For traditional retailers that have not made investments in digitalization, this season will prove to be especially challenging.

Lapinsky said the companies that are winning are the ones that have made “big investments in digital, in infrastructure, in curbside pickup, in connecting with their consumer and making sure they have the product available where they want to pick it up or how they want to shop.”

“There are many retailers that didn’t make those investments early and before COVID-19, and they’re definitely feeling the impact of it,” she explained. “Many of the same retailers who didn’t make the investment are the ones that were more hurt from the pandemic, because they were shut down or not deemed essential or because they’re in malls and nobody wants to go to the mall, they don’t have a good enough online presence. It’s very grim for many retailers out there.”
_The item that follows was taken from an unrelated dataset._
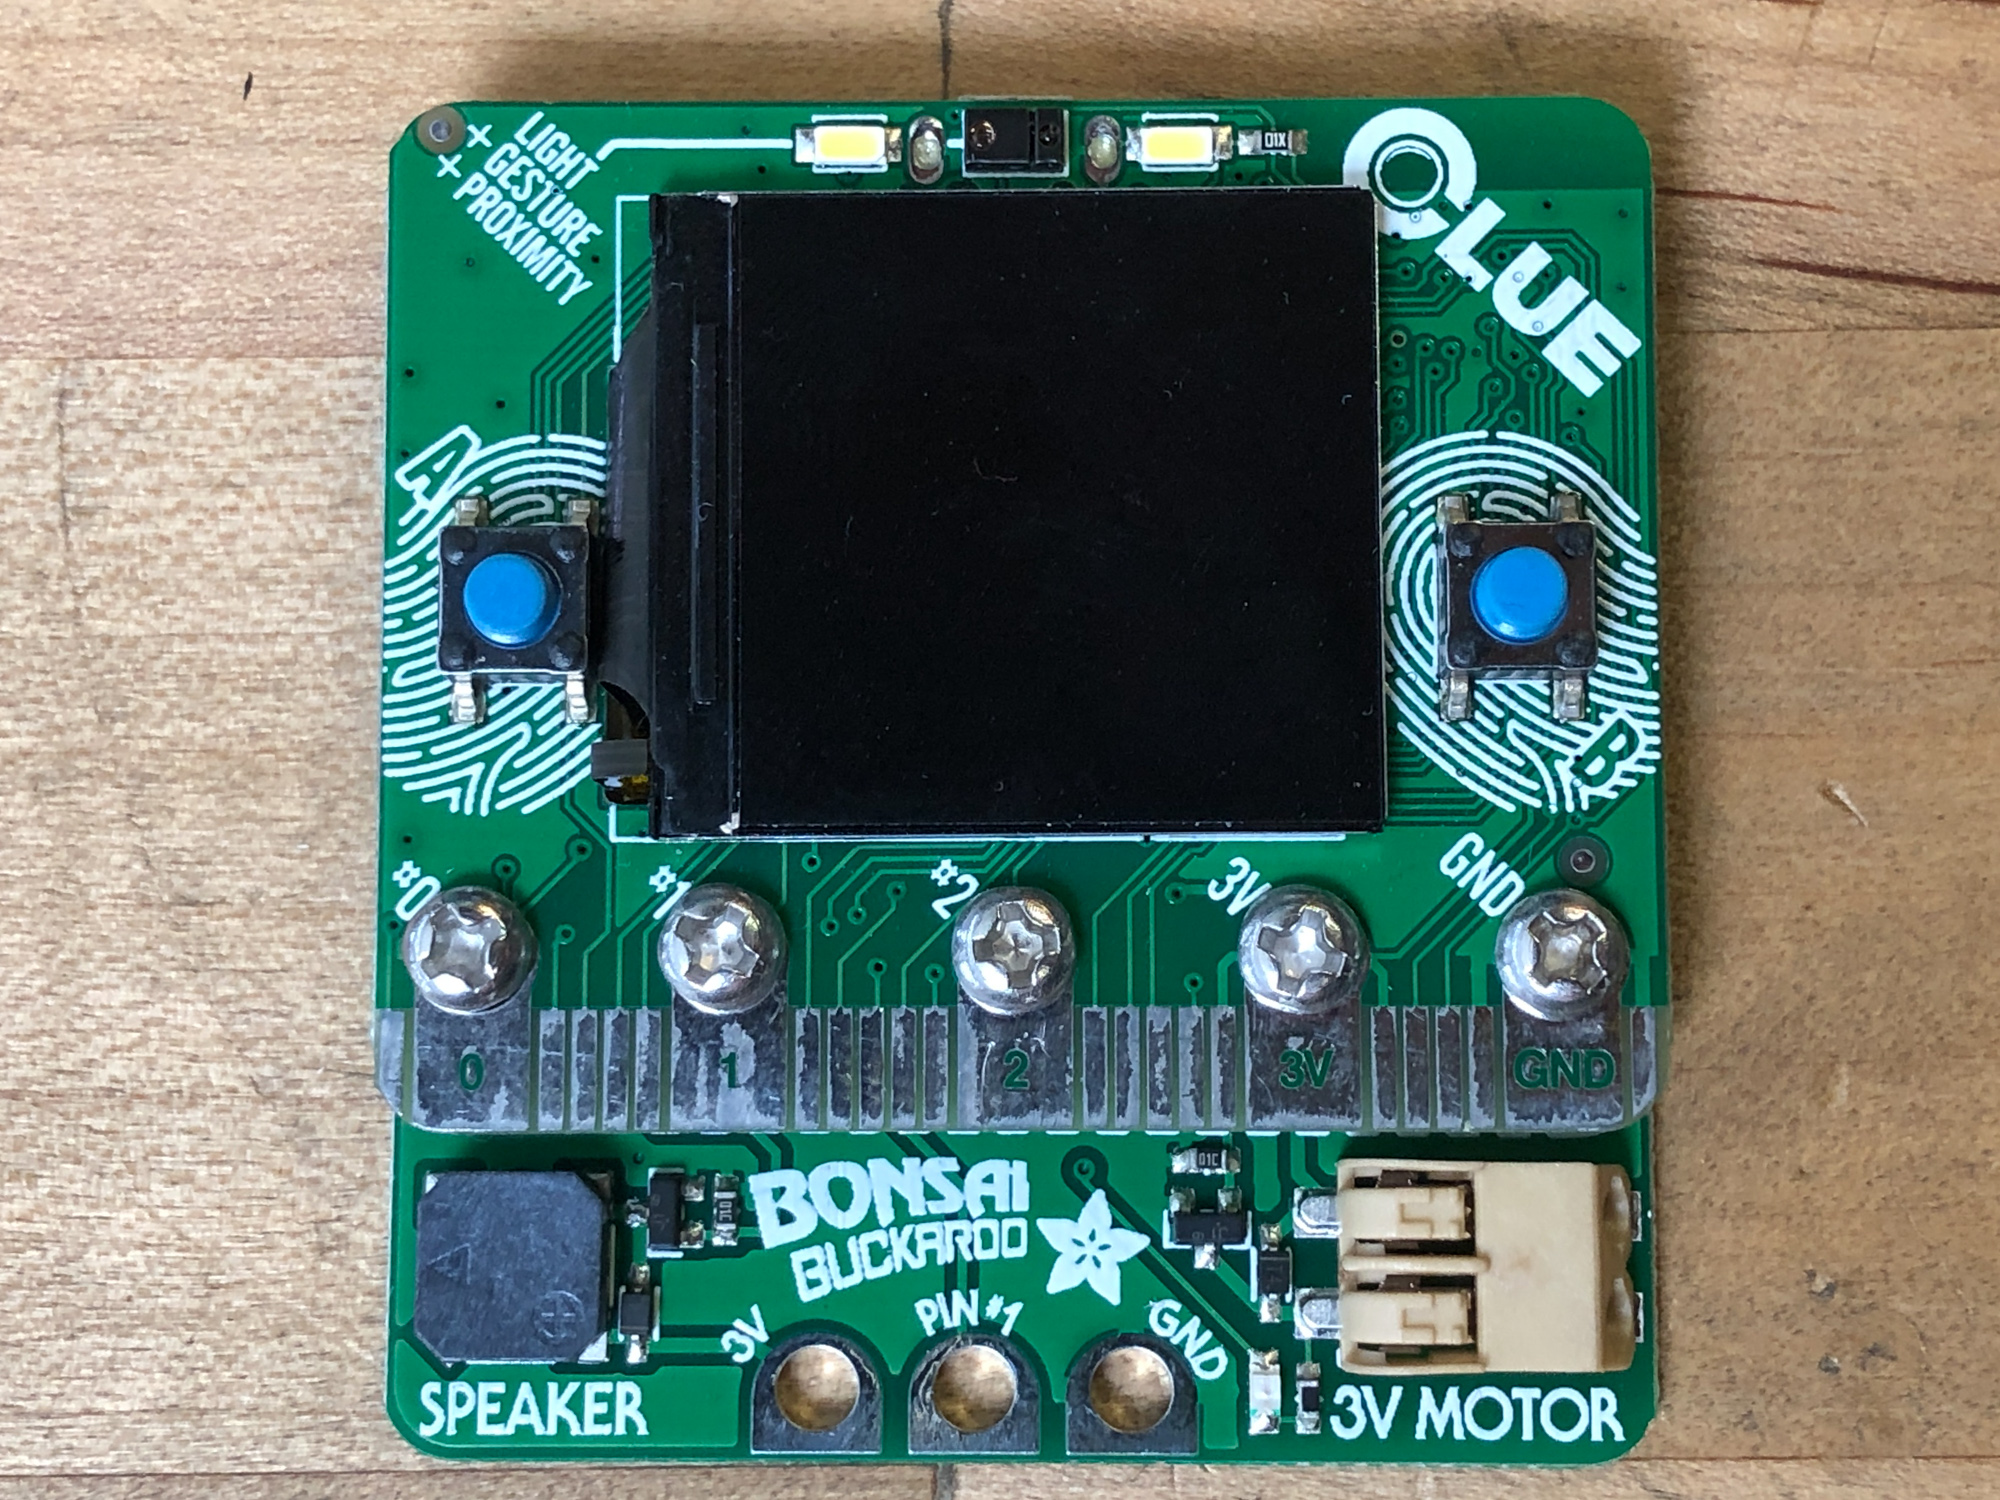 sensors_plant-1292.jpg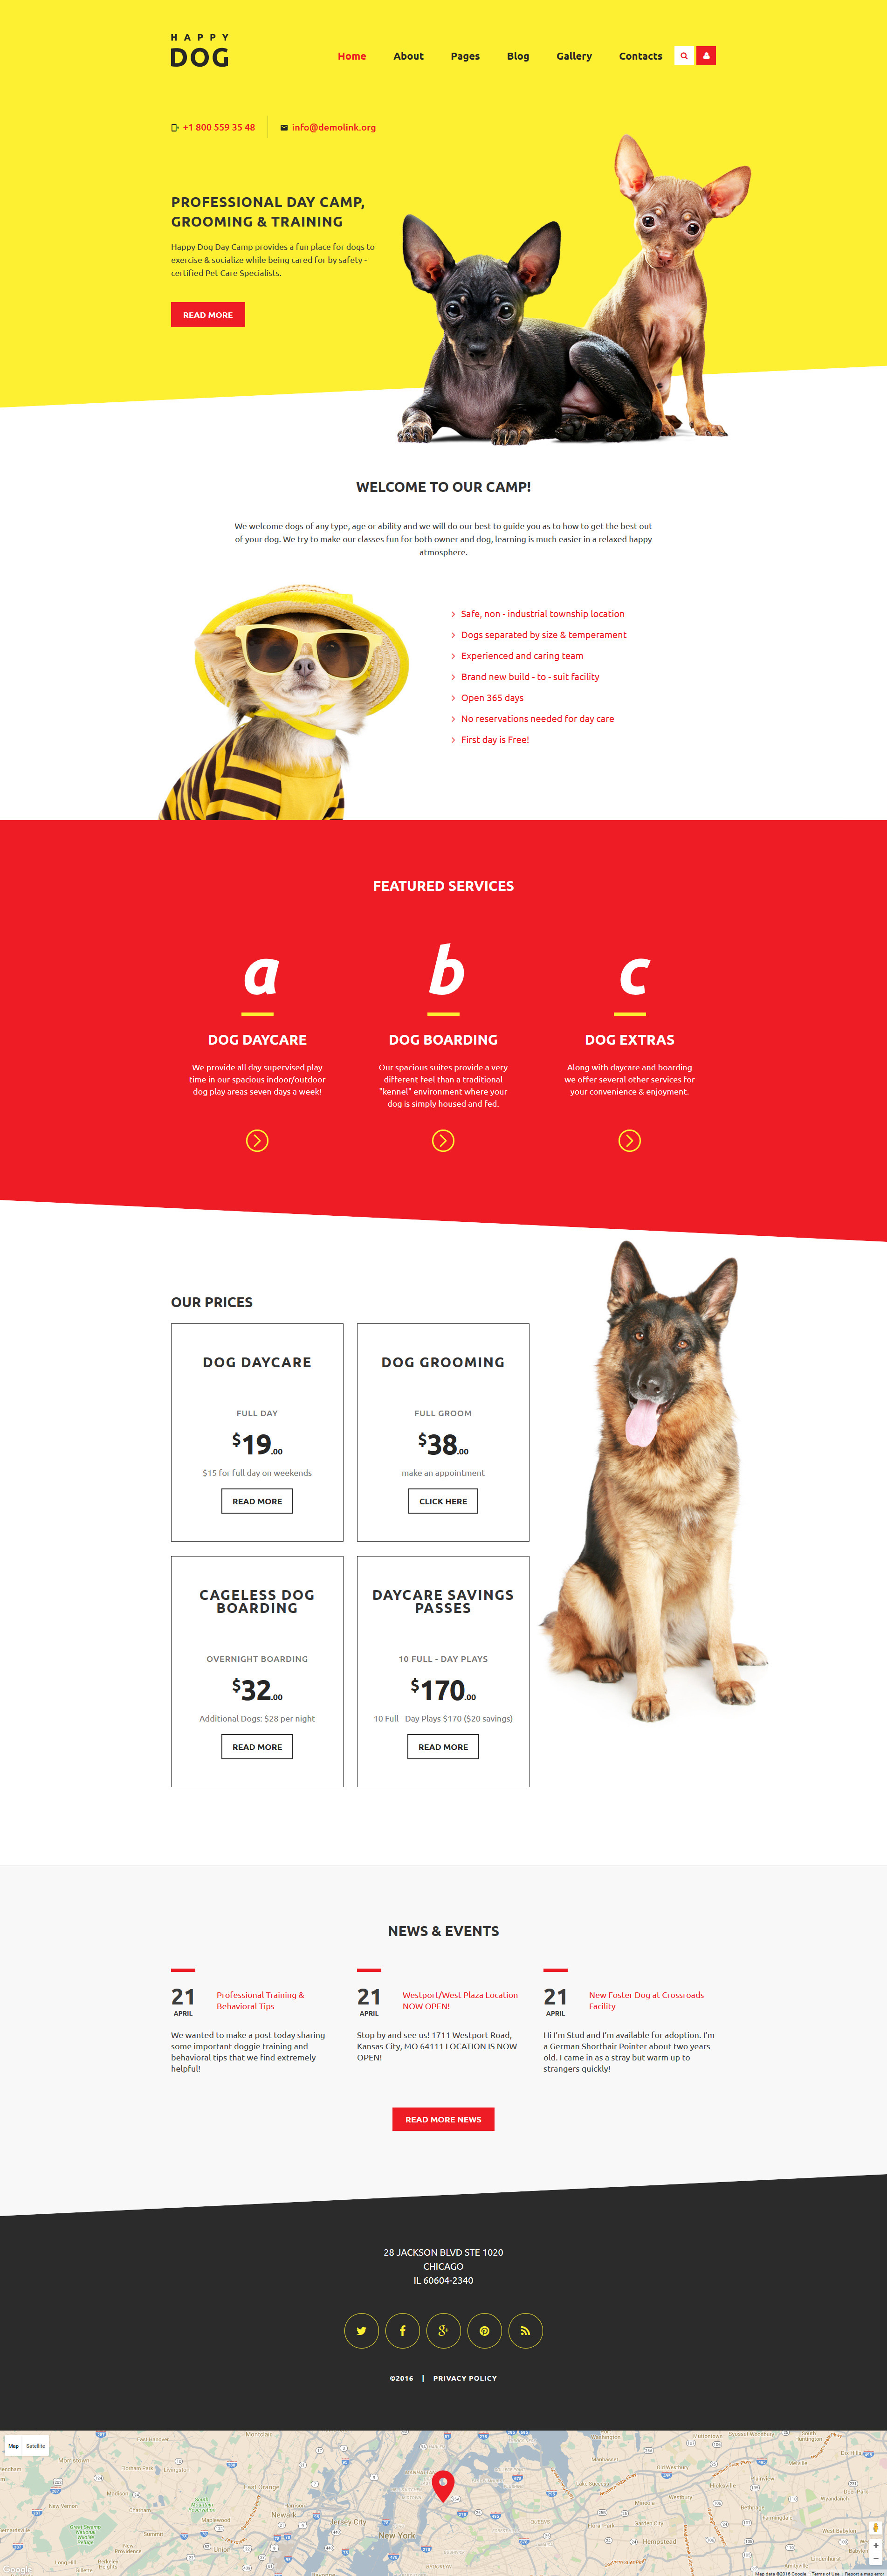 Free Dog Grooming WordPress Themes

Is there hope for physical retail? Yes, according to Liad Agmon, chief executive officer of experience optimization platform Dynamic Yield. Agmon’s company said “brands can begin to restore value to physical retail stores by delivering more in-store digital experiences and by giving customers new, exciting non-transactional reasons to visit a store.”

Examples include leveraging data to identify customers and then “provide them with personalized experiences as they enter a store.” It also means “redesigning store layouts to incorporate interactive elements for customers to engage with.” Agmon said the future of physical retail “relies on delivering unique experiences to make visiting stores more attractive than ever before.”